Is it possible to have a collision? Yes! As it is known, both MD5 and SHA1 are unsafe. But the goal is simply to make computationally expensive brute force attacks. So much so that in the case of PHP, there is no collision treatment.
In the case of implementing a data structure that aims to quickly search for values (such as Hash Table), this is not the best way. One should consider only the data itself in Hash. Otherwise, you will not be able to recover your data.
The implementation of collision treatment is mandatory in most cases, and it is up to you to decide which of the implementations to use. The collision treatment algorithm may or may not be suitable according to the nature of the operations to be carried out.
Possible Collision Handling in PHP
In the case of PHP, I believe that simply generating a new hash again is enough. This works because even though the client’s IP is still the same, the random number for sure (well... hopefully, right?) will change, and the time will probably change too. Then I see no reason to repeat the procedure until a collision does not occur.
I am not going to discuss the collision in the case of data because I believe it is not the domain of questioning.

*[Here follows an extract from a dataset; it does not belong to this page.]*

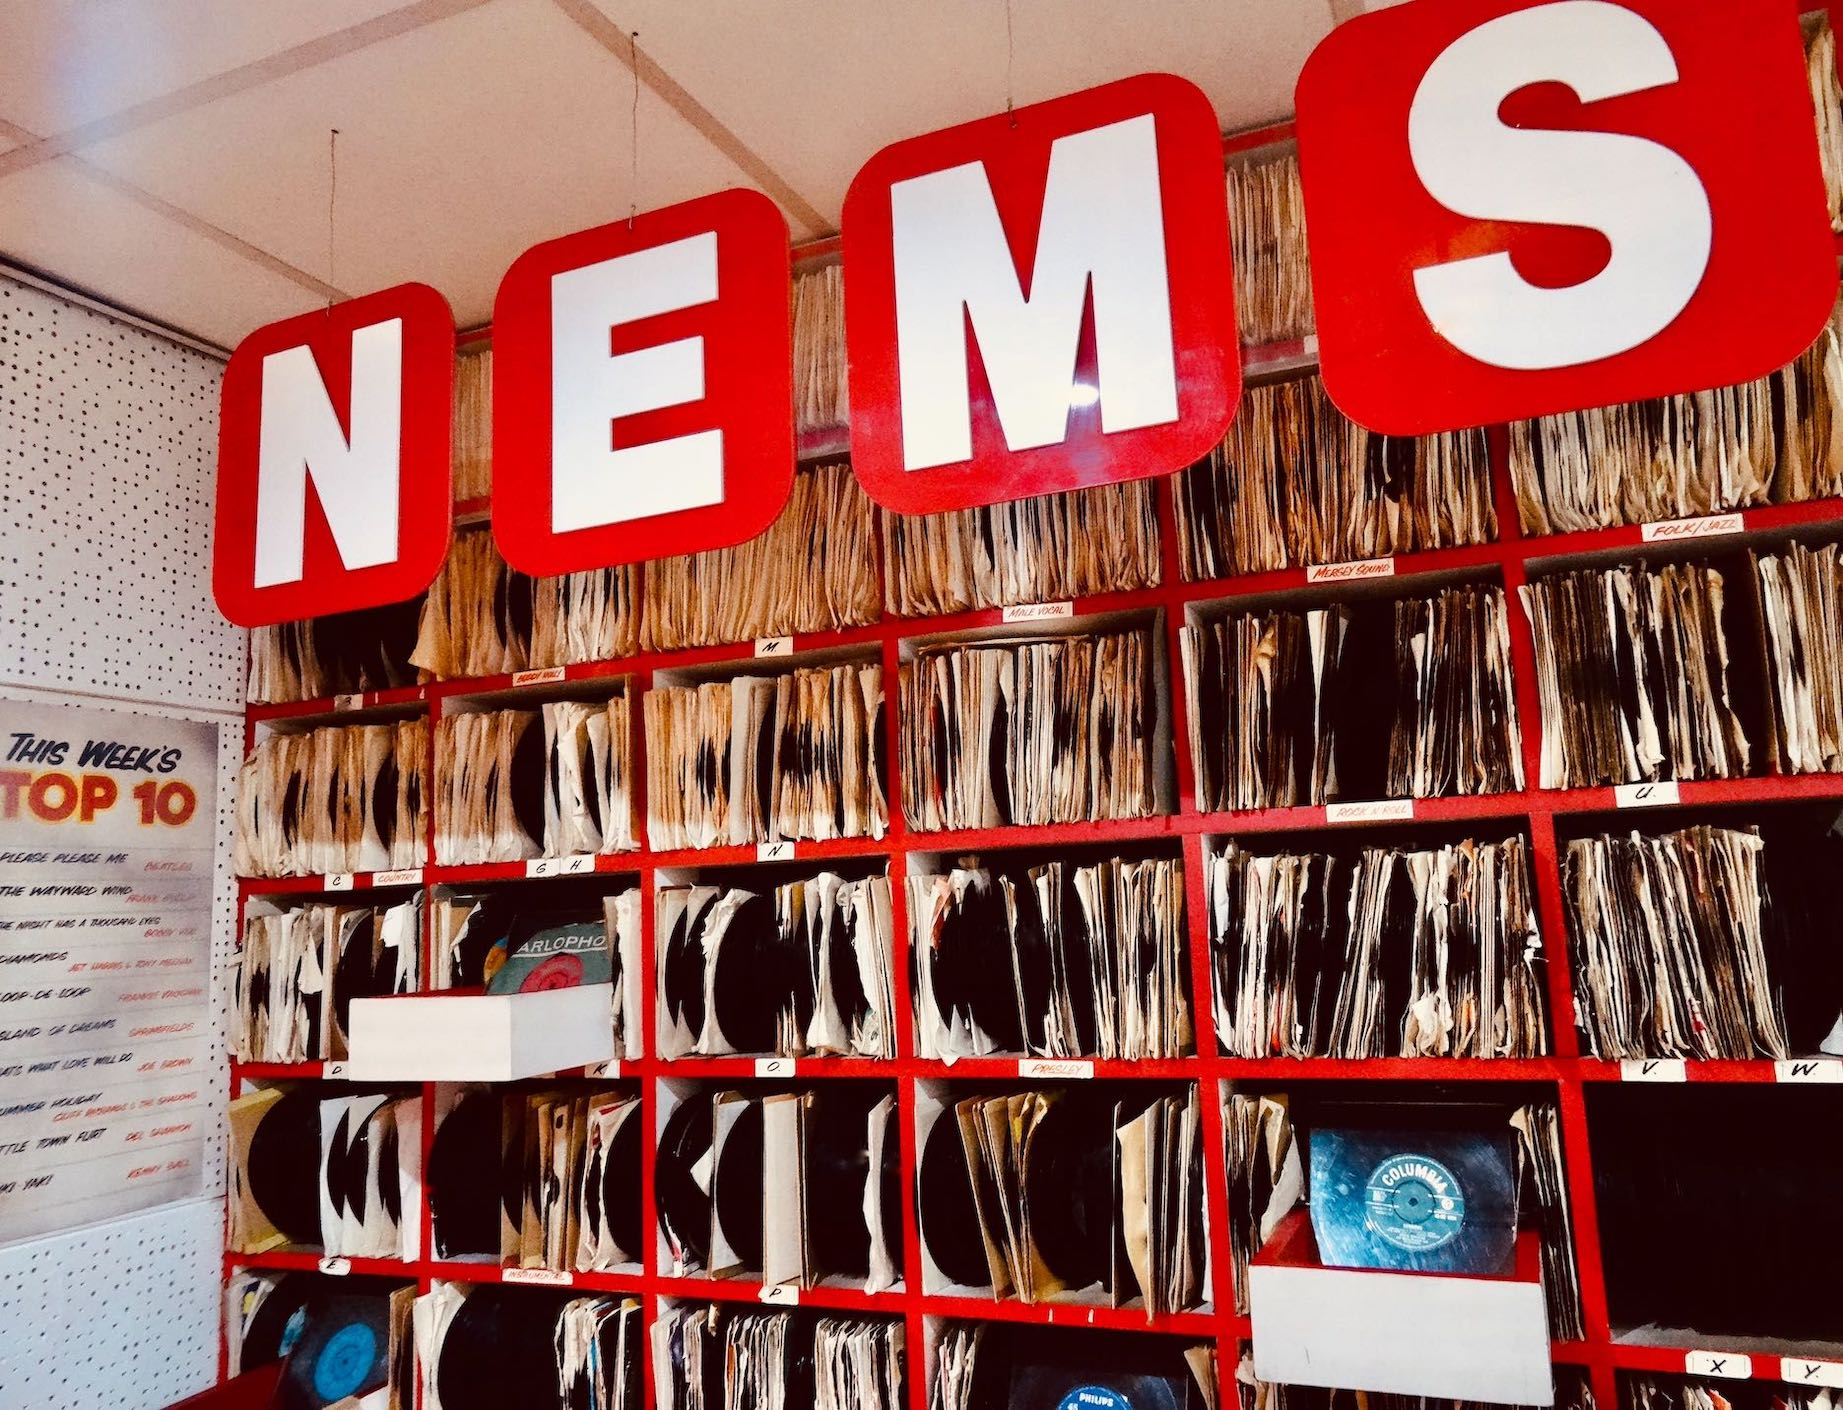 NEMS Record Store Liverpool 1960s

Actually I have a numerical sequence based on TS along with 10 random numbers, but using md5 ends up creating the possibility of collision. That’s why I wanted to know
SESSION
. But thanks for the answer.– Papa Charlie
@Papacharlie Accidental MD5 collisions are very unlikely (while collisions intentional, i.e. malicious, are relatively simple to produce), since it is clear that the hashed data are distinct (this is the difficult part).
– mgibsonbr
@mgibsonbr Murphy’s Law... very unlikely means it will happen (rs). If there is collision I will not be able to get around the problem...
– Papa Charlie
A random UUID has 122 bits (<16 bytes, half of an MD5). If you generate a few tens of trillion of these in a year, the chance of a collision is roughly the same as if you were hit by a meteorite in that same period... I’m not going to guess anymore, because I don’t have enough knowledge to say anything safely, but in general I say that the distinct data hashes will also be distinct, even for a "broken" algorithm like MD5 (again, unless this collision was purposefully made).
– mgibsonbr